A Punctuated Equilibrium Analysis of the Climate Evolution of Cenozoic exhibits a Hierarchy of Abrupt Transitions

TL;DR

This paper analyzes Earth's climate history by identifying and ranking abrupt transitions using high-resolution datasets, recurrence analysis, and dynamical landscape modeling, revealing a hierarchy of climate tipping points over millions of years.

Contribution

It introduces a novel approach combining recurrence analysis and quasi-potential theory to detect and interpret hierarchical climate regime shifts in Cenozoic history.

Findings

Identification of key abrupt climate transitions

Hierarchical structure of climate tipping points

Dynamical landscape model of climate evolution

Abstract

The Earth's climate has experienced numerous critical transitions during its history, which have often been accompanied by massive and rapid changes in the biosphere.
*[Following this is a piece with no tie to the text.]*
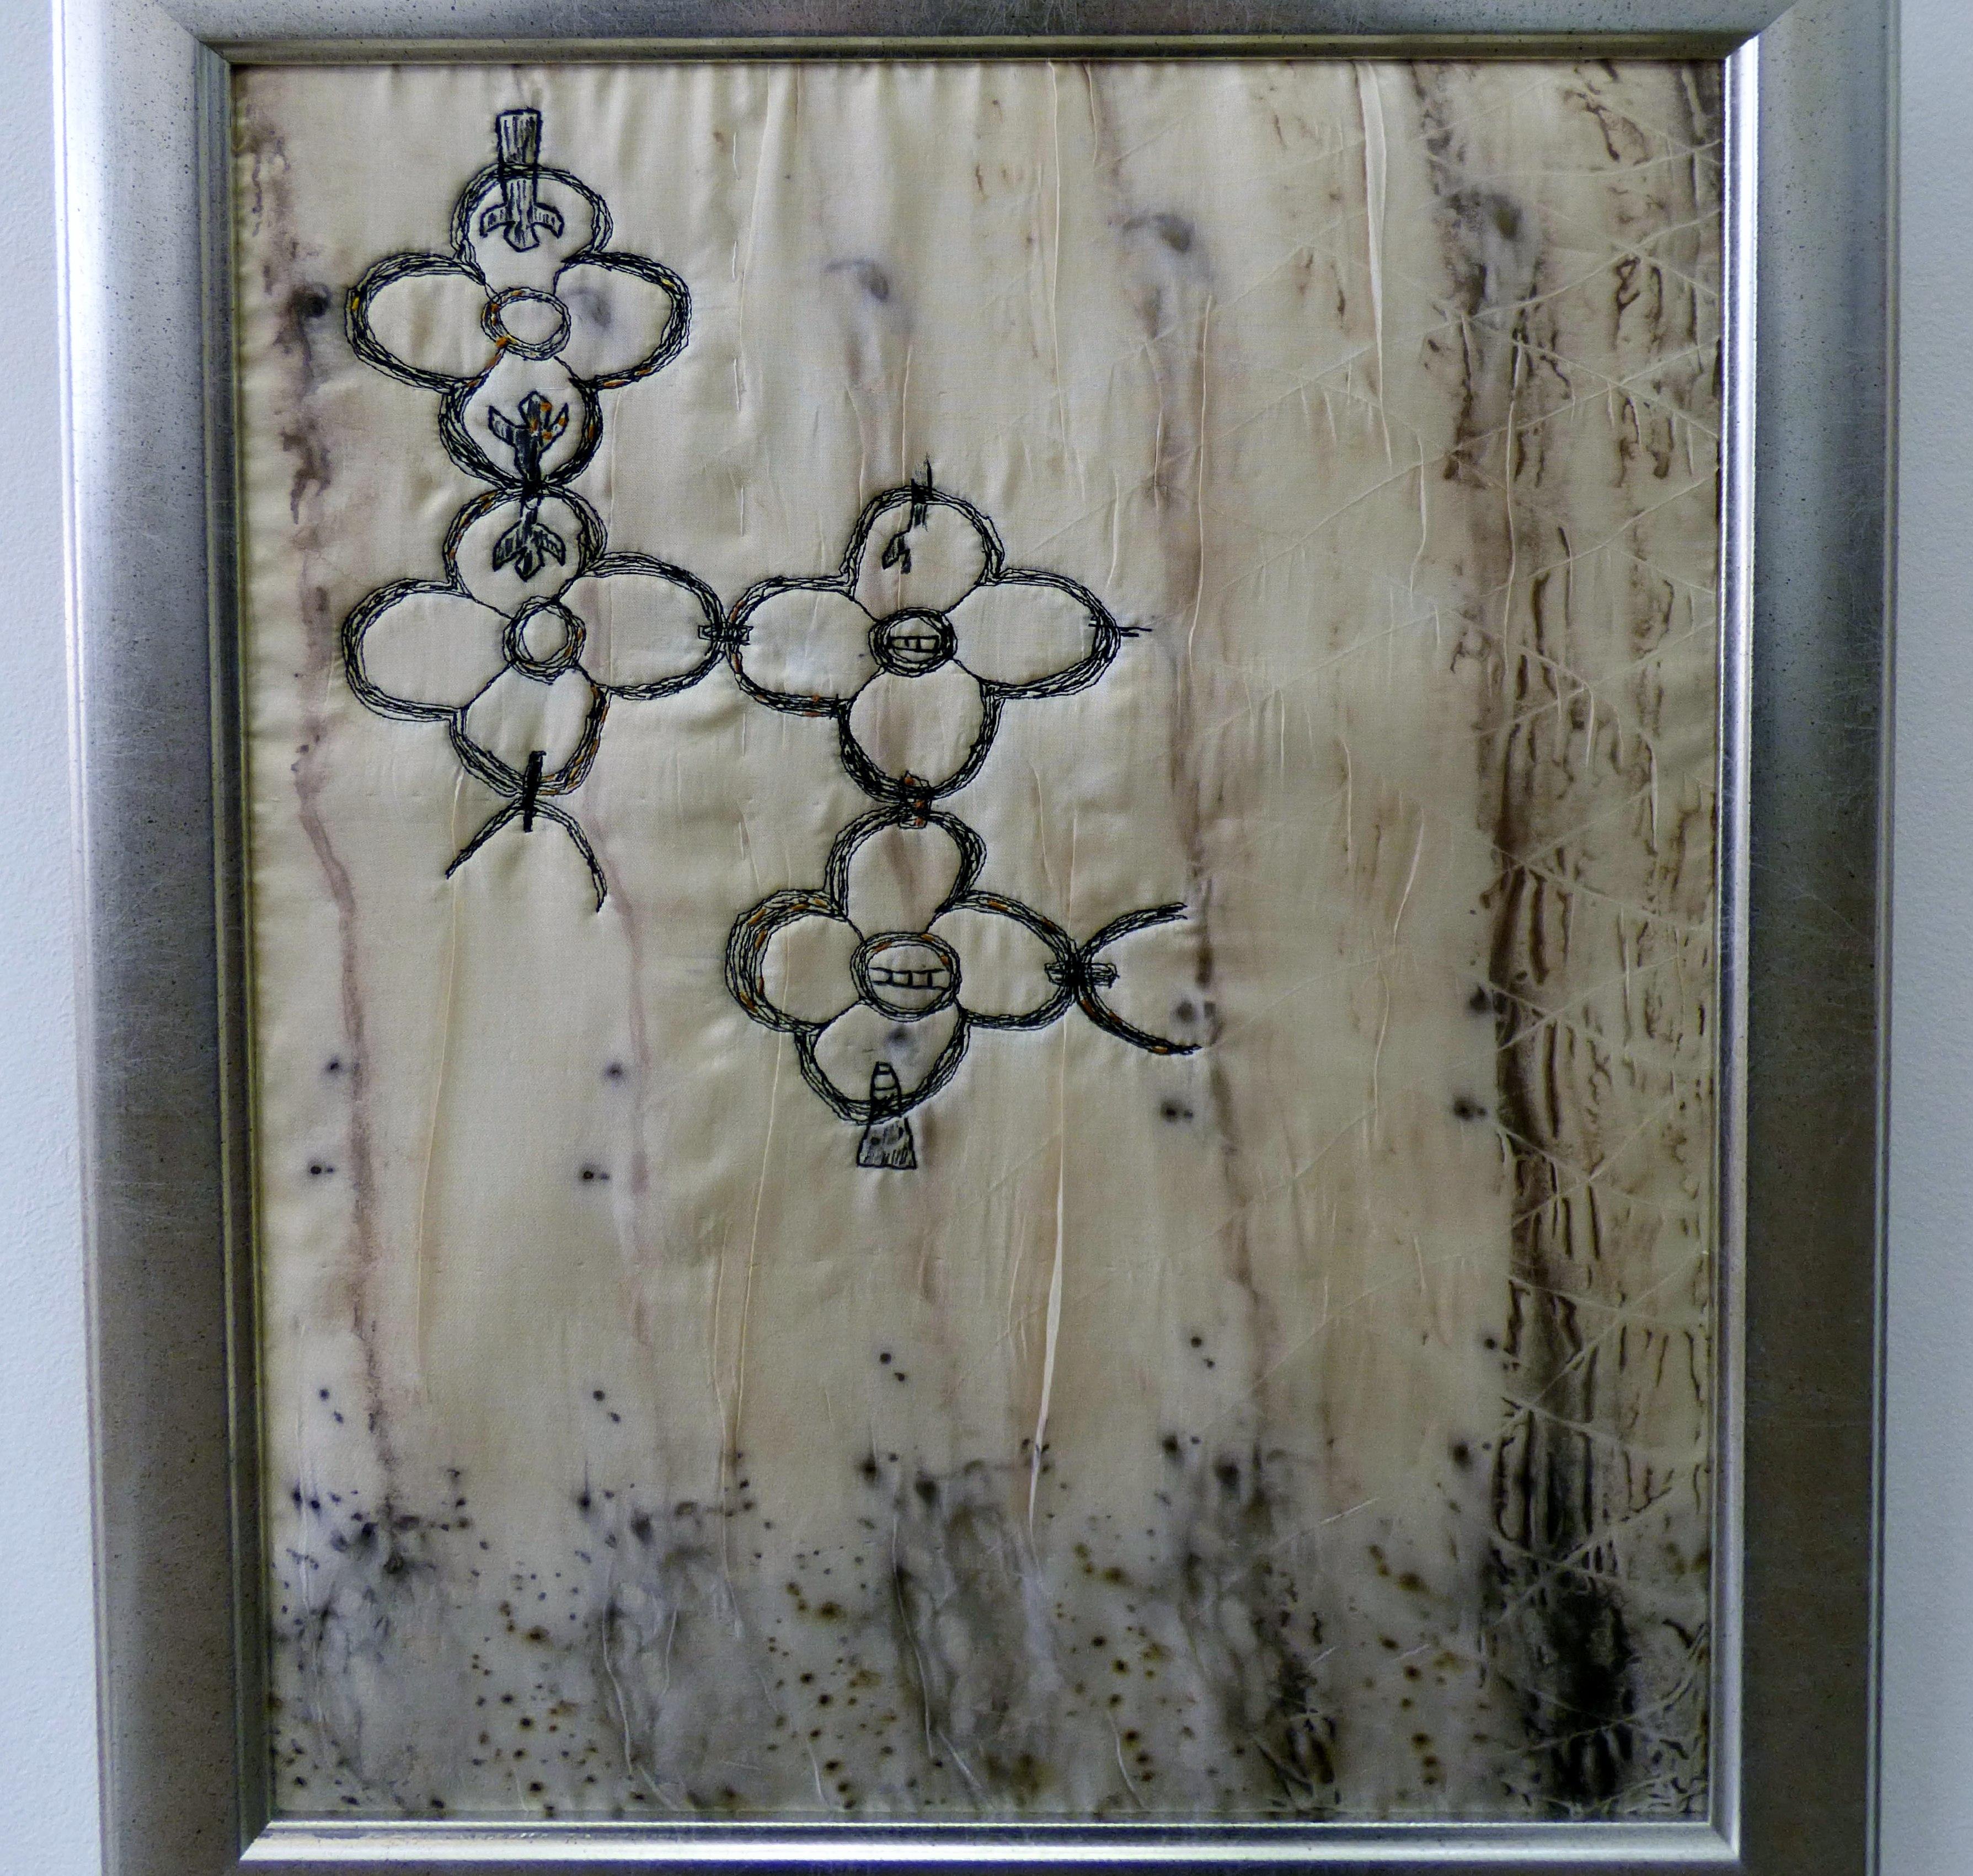 MEMORIES OF WINDOW GRILLS by Marguerita McBride, Parbold EG

Such transitions are evidenced in various proxy records covering different timescales. The goal is then to identify, date, and rank past critical transitions in terms of importance, thus possibly yielding a more thorough perspective on climatic history. To illustrate such an angle, which inspired the punctuated equilibrium angle on the theory of evolution, we have analyzed 2 key high-resolution datasets: the CENOGRID marine compilation (past 66 Myr), and North Atlantic U1308 record (past 3.3 Myr). By combining recurrence analysis of the individual time series with a multivariate representation of the system based on the theory of the quasi-potential, we identify the key abrupt transitions associated with major regime changes that differentiate various clusters of climate variability. This allows interpreting the time-evolution of the system as a trajectory taking place in a dynamical landscape, whose multiscale features are associated with a hierarchy of tipping points.